More than two years ago a former director of The Madison Scouts contacted the folks at Macy’s to vie for the group to have a spot in the famous parade.

“This is the biggest coverage our group will ever see,” Halverson said, noting the group was the “Santa band,” marching in front of the parade’s famous grand finale: Santa on his sleigh. “It was just fun to be there and be in the city.”

The experience culminated in the band standing on the steps of The New York Post Office, playing a song and literally stopping traffic, Halverson said, noting it made him and the others “feel like little celebrities for a bit.”

The opportunity to march the streets of the Big Apple was open to anyone who has ever been involved with the scouts. It attracted 329 alumni, 97 current members ranging from 15-75 years old and from 40 states and six different countries.

The group’s executive director, Chris Komnick, said in a press release the parade provided a great opportunity to celebrate the 76-year history of the corps.

Conway said the nearly 3-mile trek from Central Park to Macy’s Herald Square was cold, but thrilling, an experience he is “struggling to put into words.”

The New Yorkers and tourists alike who lined the parade route cheered excitedly the entire time, Conway recalled.
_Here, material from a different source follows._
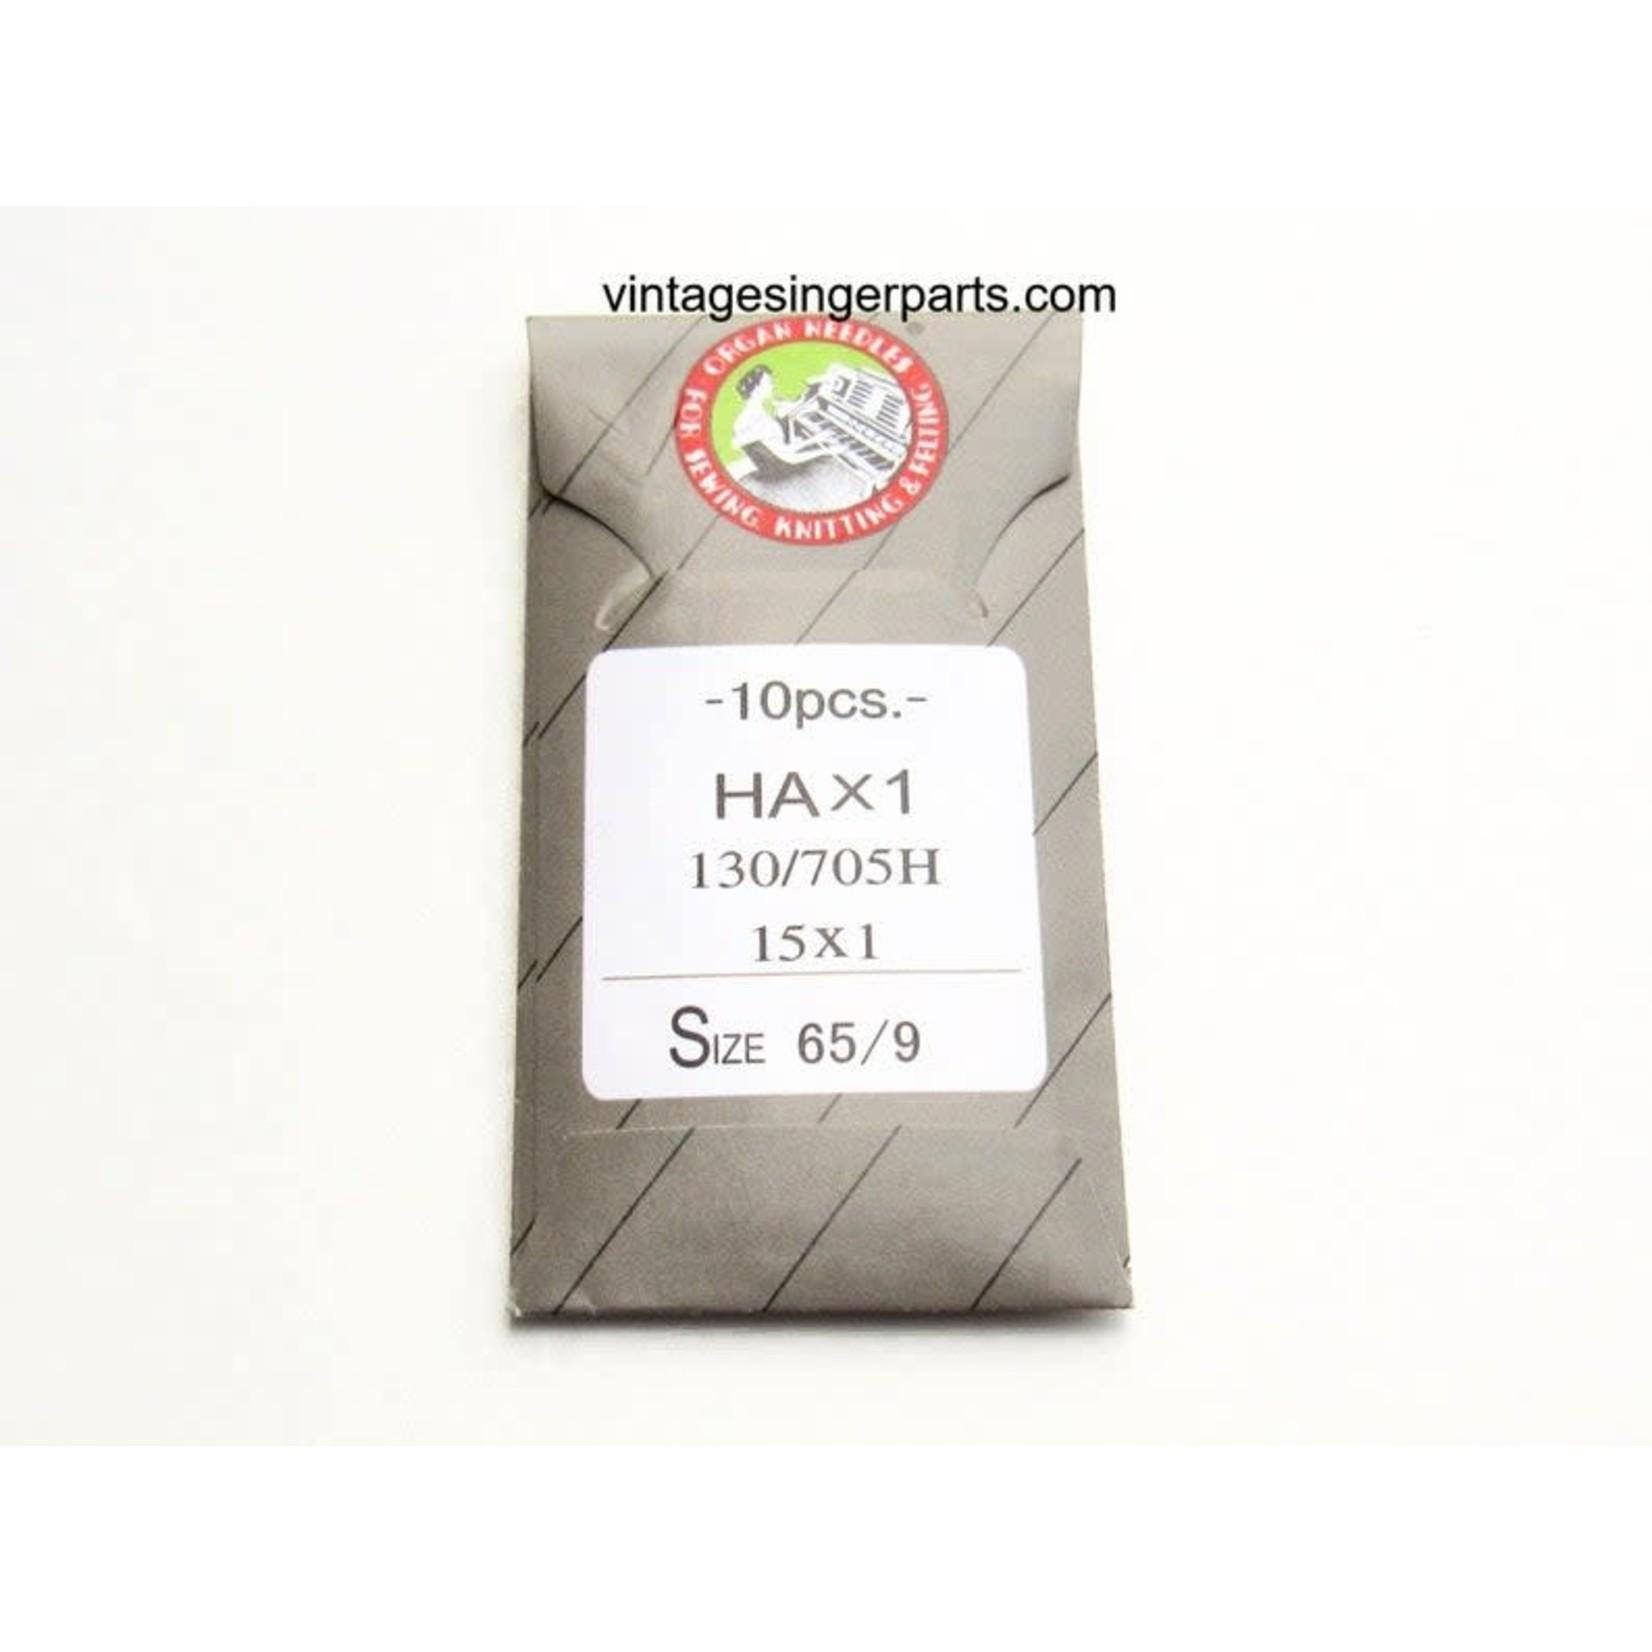 ORGAN HAx1 130/705H 15x1 #9/65 Regular Point Needle (10 pack)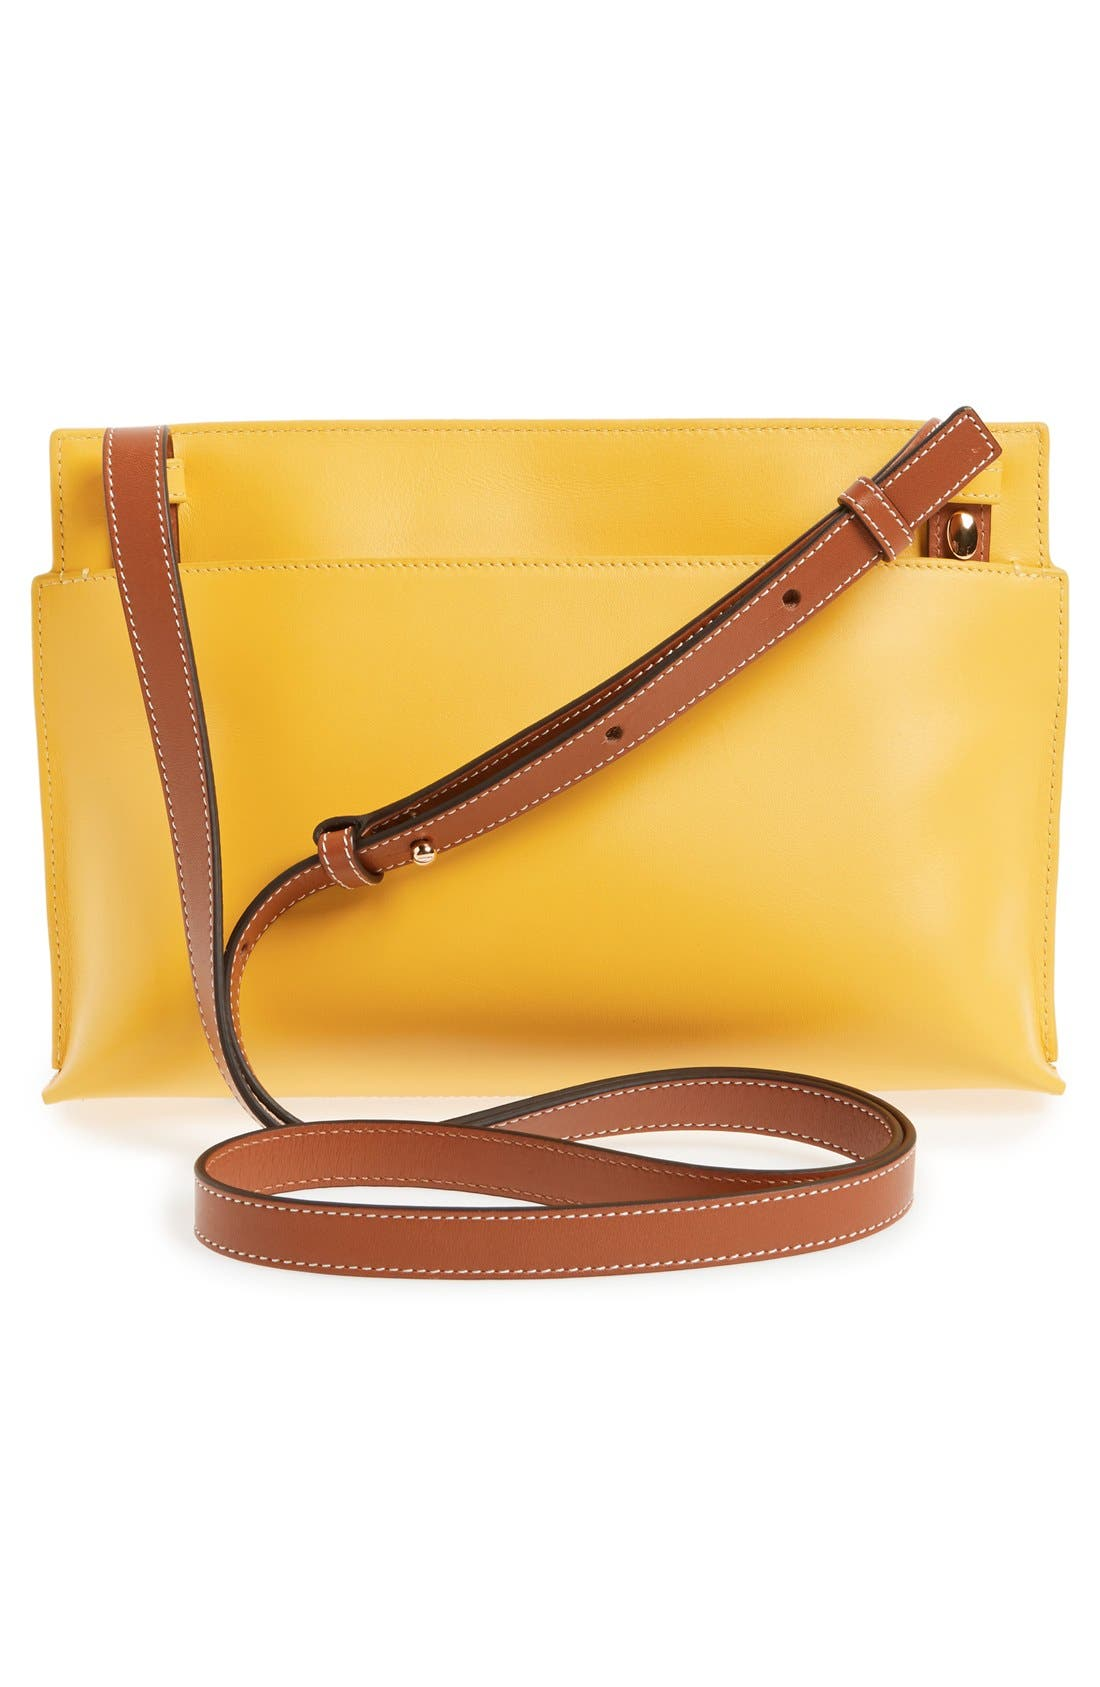 Alternate Image 3  - Loewe 'Fiore' Marquetry Calfskin Leather Crossbody Clutch

He said the energy from the crowd was exhilarating and so loud that he was unable to hear his own mother’s encouraging words from the sidelines.

Mostly, it offered the group a chance to reunite with people they hadn’t seen for a while or alumni they had never met, Conway said, noting rekindling those relationships was a highlight for him.

“After thinking my time was done with marching, this was a really rare opportunity,” Conway said.

“It was a once in a lifetime opportunity, so I wanted to seize it,” Halverson echoed.